By Daily Sports on August 29, 2017
It’s the start of a new season in England and already the familiar early season blip and crisis has engulfed Arsenal, one of the most illustrious clubs of the land. Arsenal, the club that over the last two decades have been admired and feared for their free-flowing, mesmerizing football as introduced by their French manager Arsene Wenger, are now the laughing stock of not just only British football, but the world as a whole. This is largely down to the staleness of their brand f football.
Since 2003 when the club last won the premiership, going a full season without a single loss, Arsenal have not seriously come near to winning the league.
The Gunners’ fan base these past years have been divided between ‘Wenger out’ or ‘Wenger Out Brigade’ and ‘Wenger knows best’ camps. Last season things came to a head as the division within the support base of the club reached a point of plane flying around stadiums both declaring support and unhappiness with the manager and frequent riots at the Emirates stadium home of the team. In the end, the culmination of the division was a distracted team that ended up finishing below the top four places which guarantees Champions League football for the first time under Wenger’s 20-year reign in the club.
But the glory of the FA Cup came as a face saver for Wenger as his boys put in a united and gritty performance to down Chelsea 2-1 in the final of the Cup in May.
Wenger’s contract situation has been cited as a big reason Arsenal failed last season as the uncertainty over whether he would renew his commitment to the club lingered. After the FA Cup final, an opportunity offered itself for Arsene and Arsenal to part ways in a dignified manner.

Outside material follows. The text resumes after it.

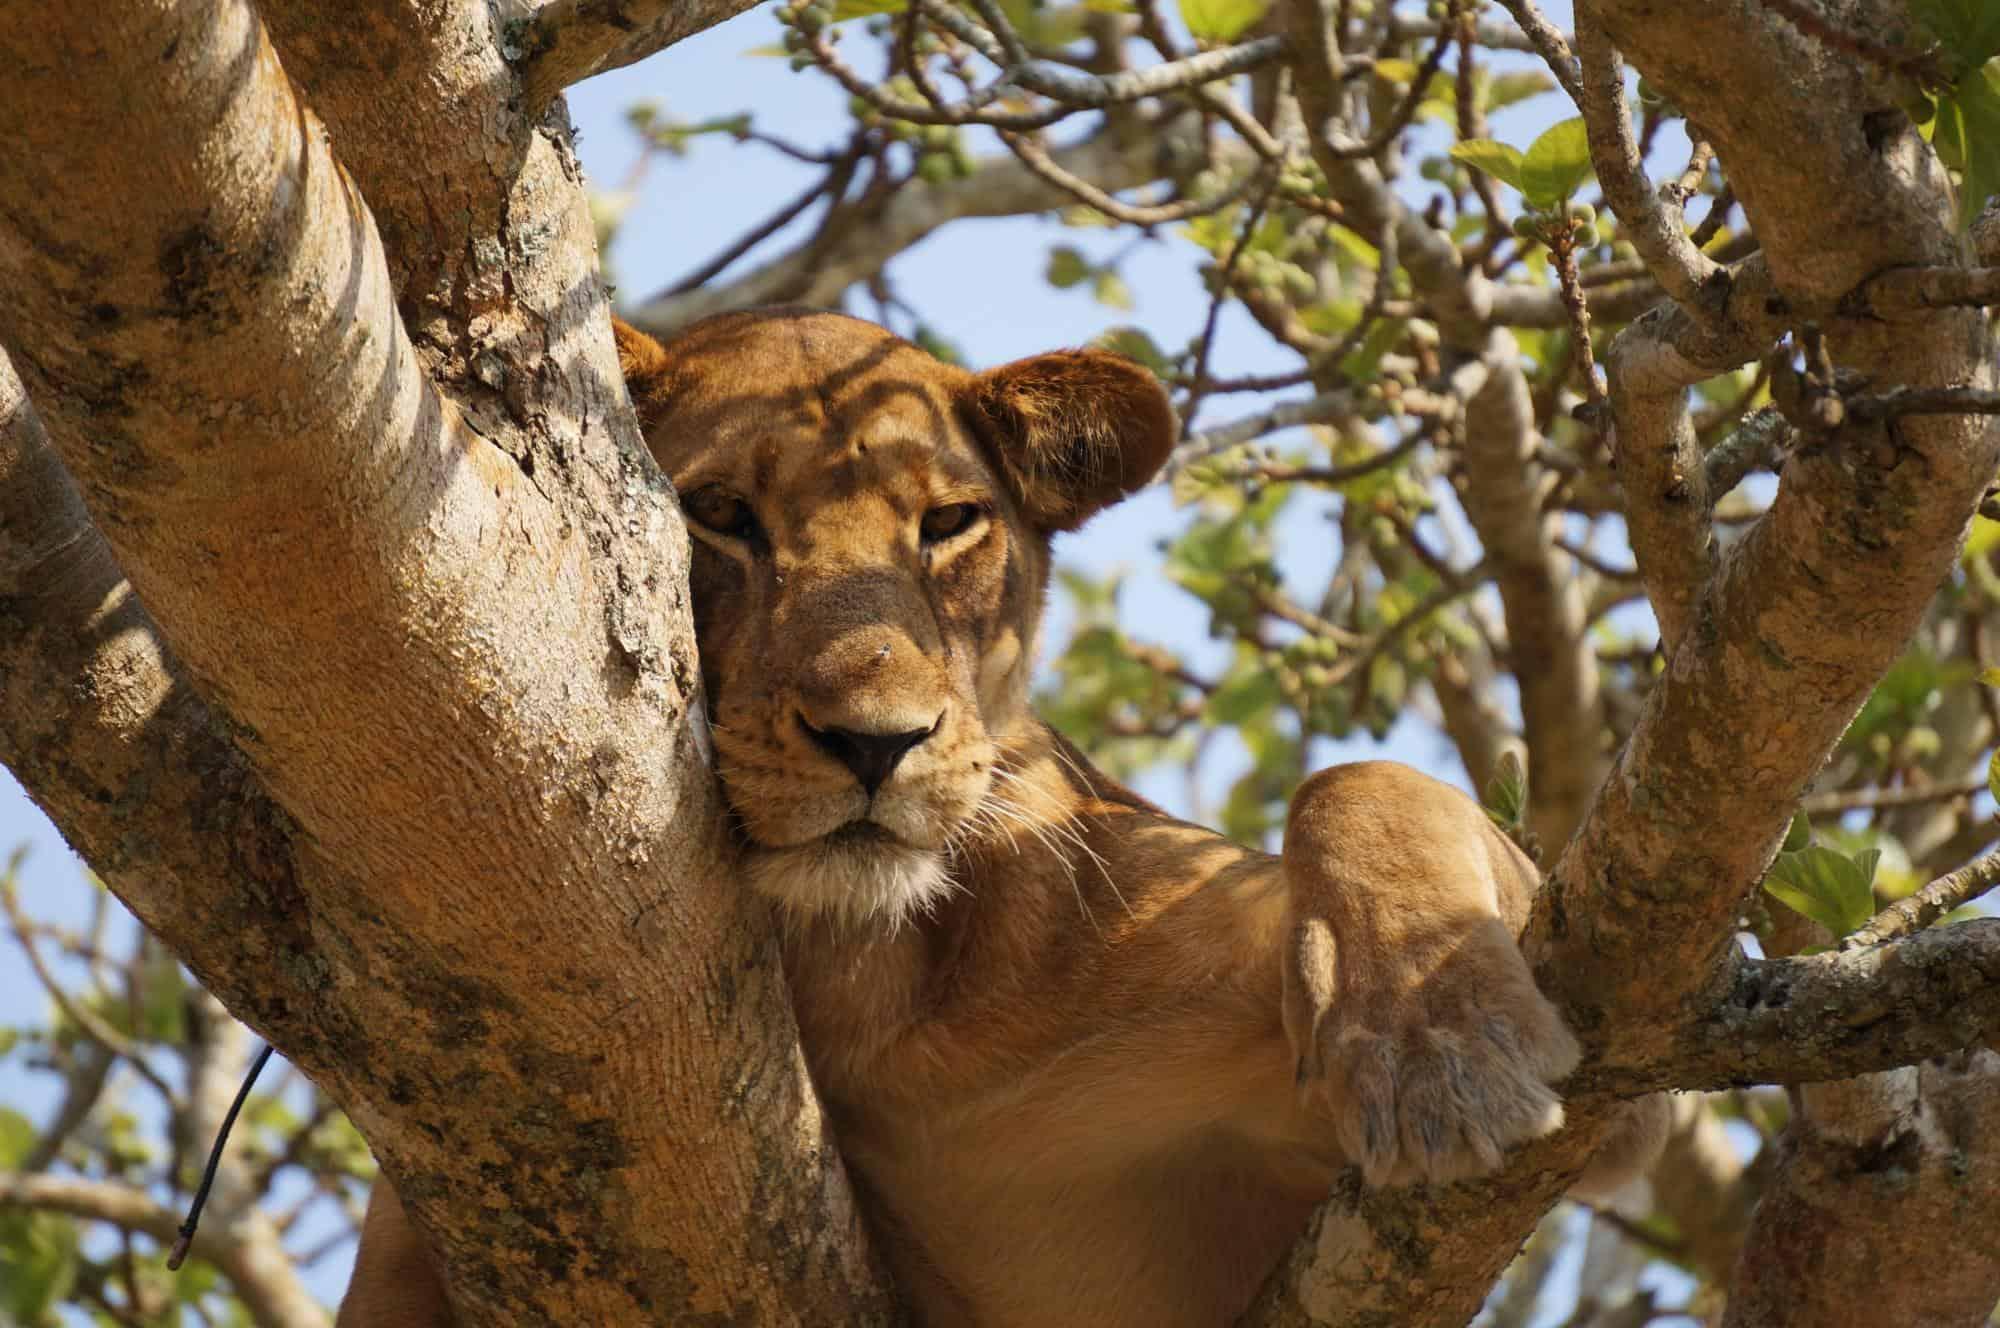 lioness lying on gray tree during daytime by Maarten van den Heuvel

Wenger would have been leaving on a high as the most successful manager in Arsenal's history and the manager famed for reshaping the technical, tactical and managerial directions of English football for the better.
While all these successes of Wenger can never be erased, what is threatened now is a dignified exit for the old man. The shambolic start to the current season that has seen Arsenal concede 8 goals in three games and losing 2 of their first three matches without putting up a real fight means Wenger and Arsenal may well be in for a repeat ride of last season's unrest.

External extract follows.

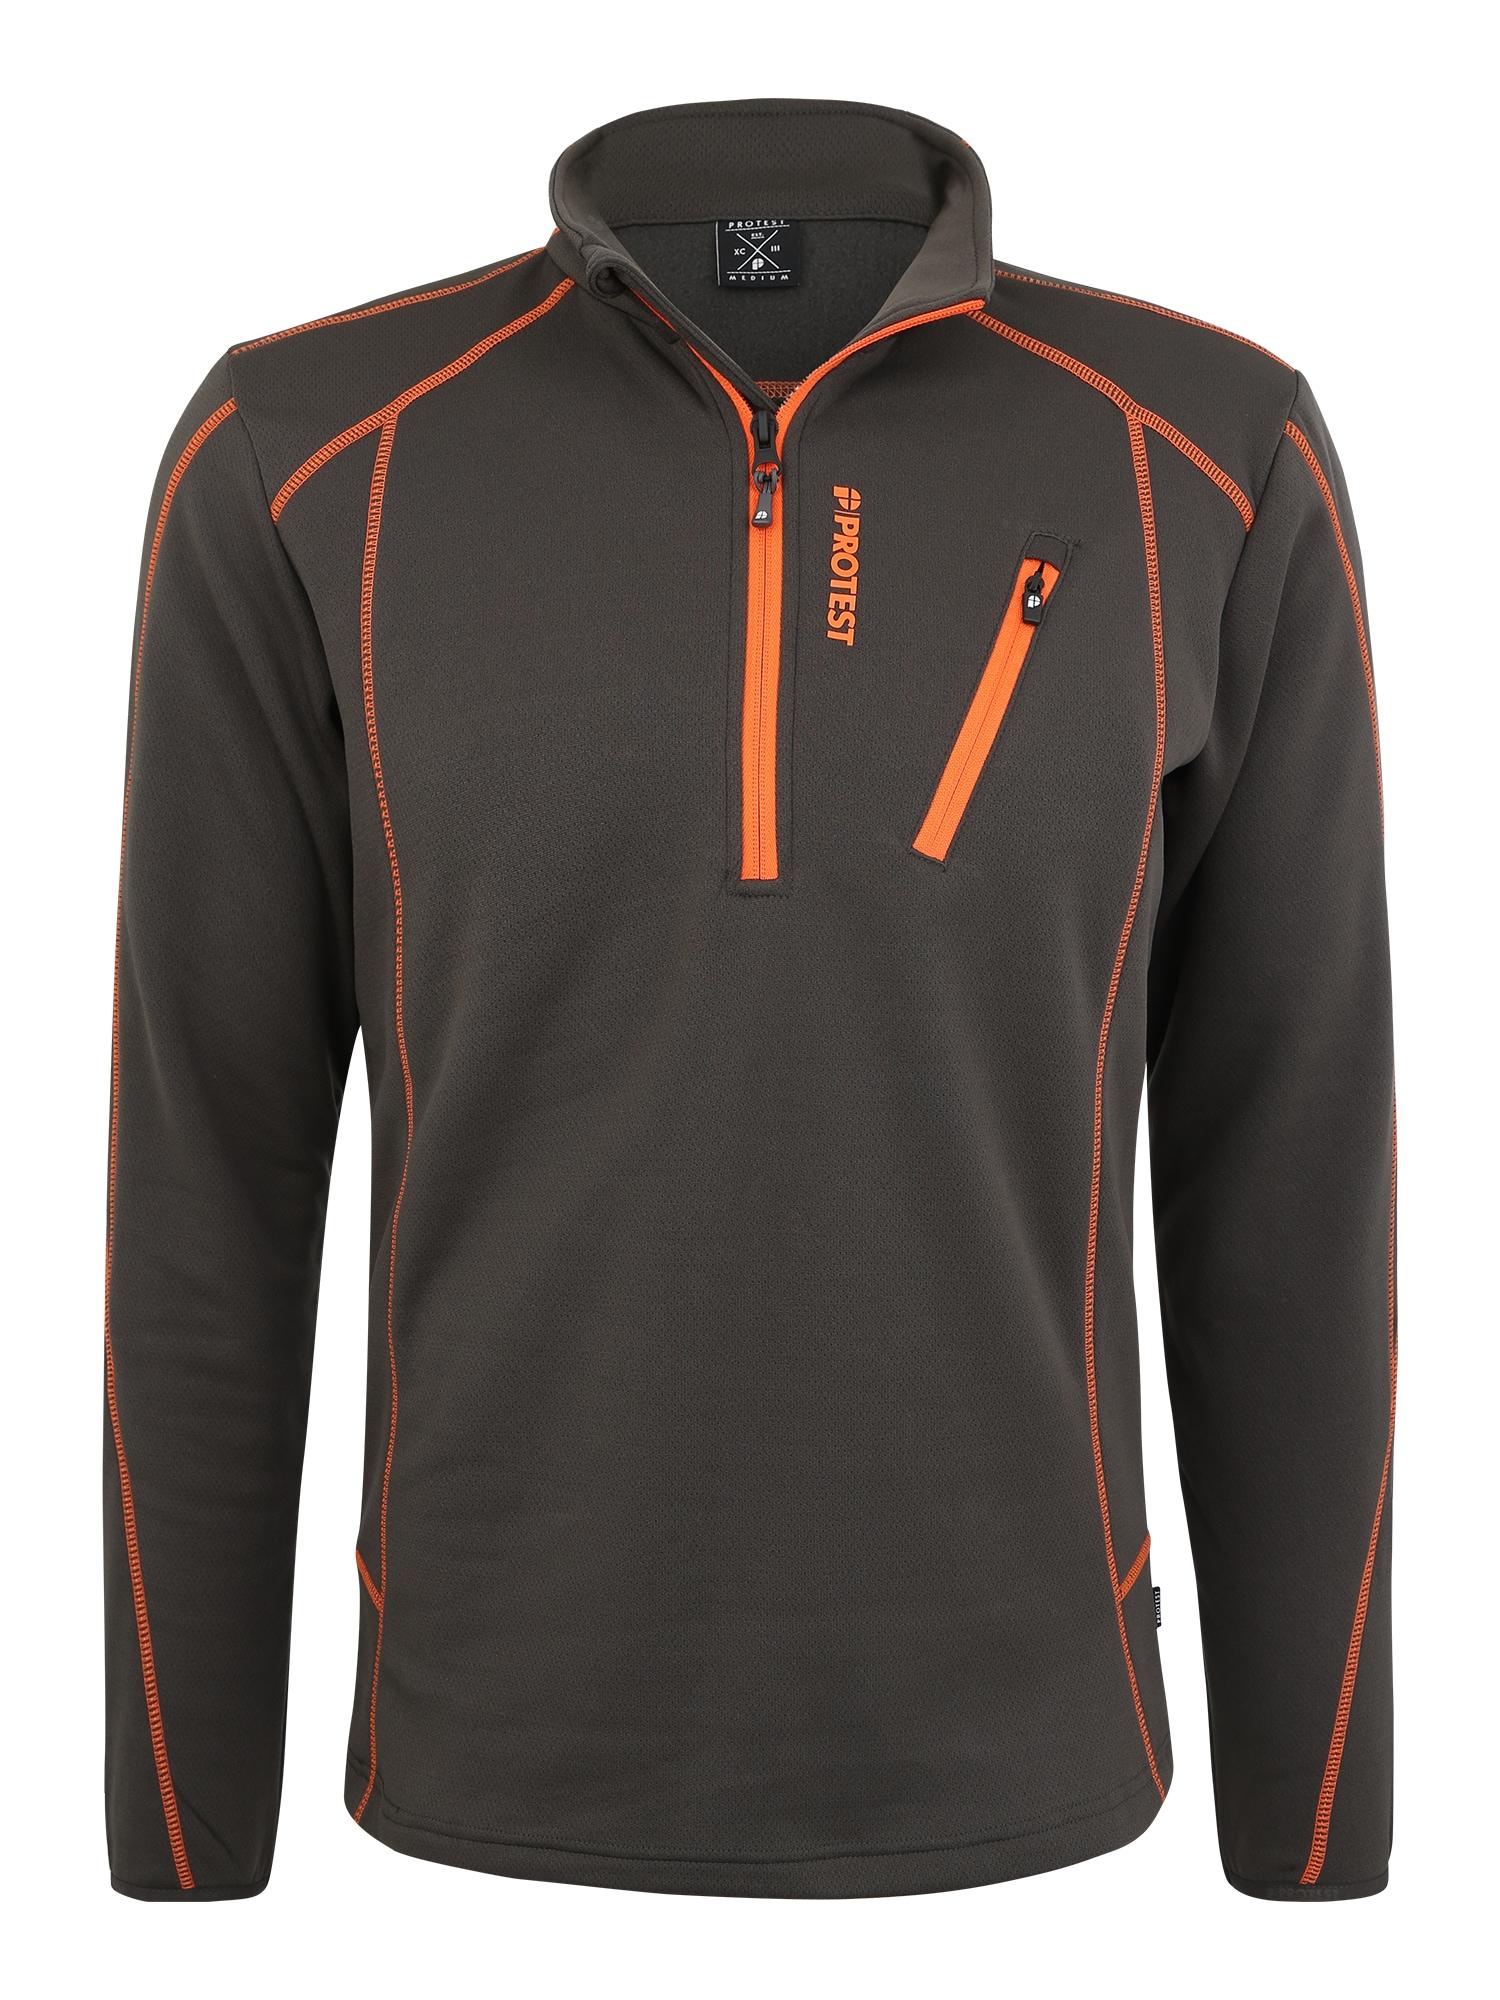 PROTEST Sportinis megztinis 'Humany' juoda / oranžinė

Now, it is becoming increasingly clear that Wenger just can’t rouse his players for a consistent good run in the premier league that makes winning the title a possibility. Whether it is because of a lack of tactical ability, or players’ unwillingness to play for him, or perhaps something else within the club that makes optimal performance impossible, the manager who the bulk falls on his table to deliver success on the major front of the premier league seems to the incapable of that task.

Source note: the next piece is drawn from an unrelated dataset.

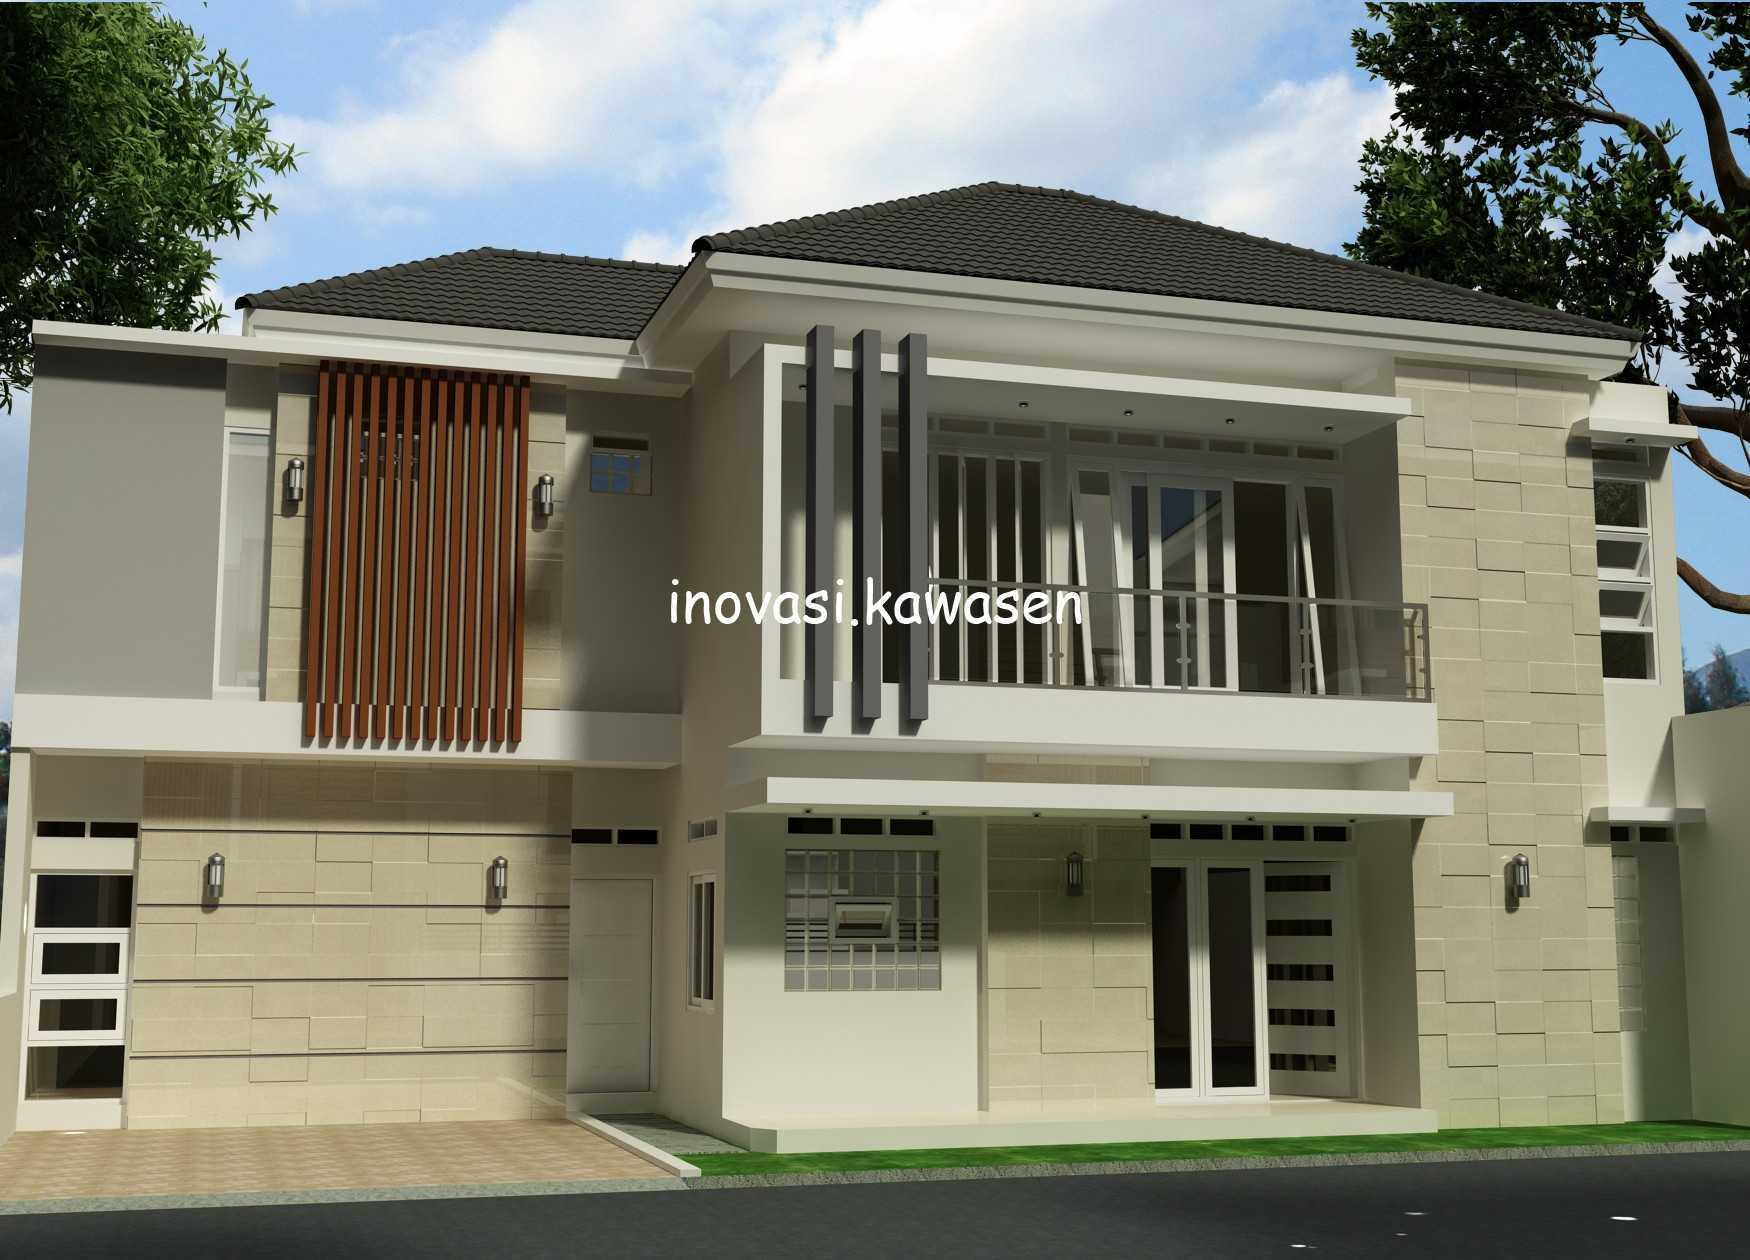 Jasa Arsitek inovasi kawasen di Surabaya

Arsenal board must be caught now in a tight situation. Stick with Wenger for two years and allow the staleness to continue because of an understandable lack of appetite to dismiss a manager that has so meritoriously serves for decades or show some unemotional brutality in letting the axe fall on the Frenchman and bring in a new manager now who could offer some much needed fresh ideas for the gunners?
The solution could be now to try to persuade Arsene to move upstairs to the board level in some capacity to allow for a new manager. The Arsenal board could be showing some class in reaching some kind of a mutual agreement which saves Wenger the embarrassment of being sacked and, at the same time, taking an important step in making sure that the club gets the very important fresh air that a new manager could bring into the club.
Should Wenger refuse to be persuaded to mutually take a bow from managing the team and poor results continue to be recorded before December, then the club could be left with no choice but to let the faith that befall all other managers who fail to steer the ship to a promising direction to be Wenger’s lot.
It is still early enough to save Arsenal’s season from total collapse. A good new manager would have time to steady the ship the way a Guus Hiddink usually does for Chelsea when they find themselves in need of a new managerial direction.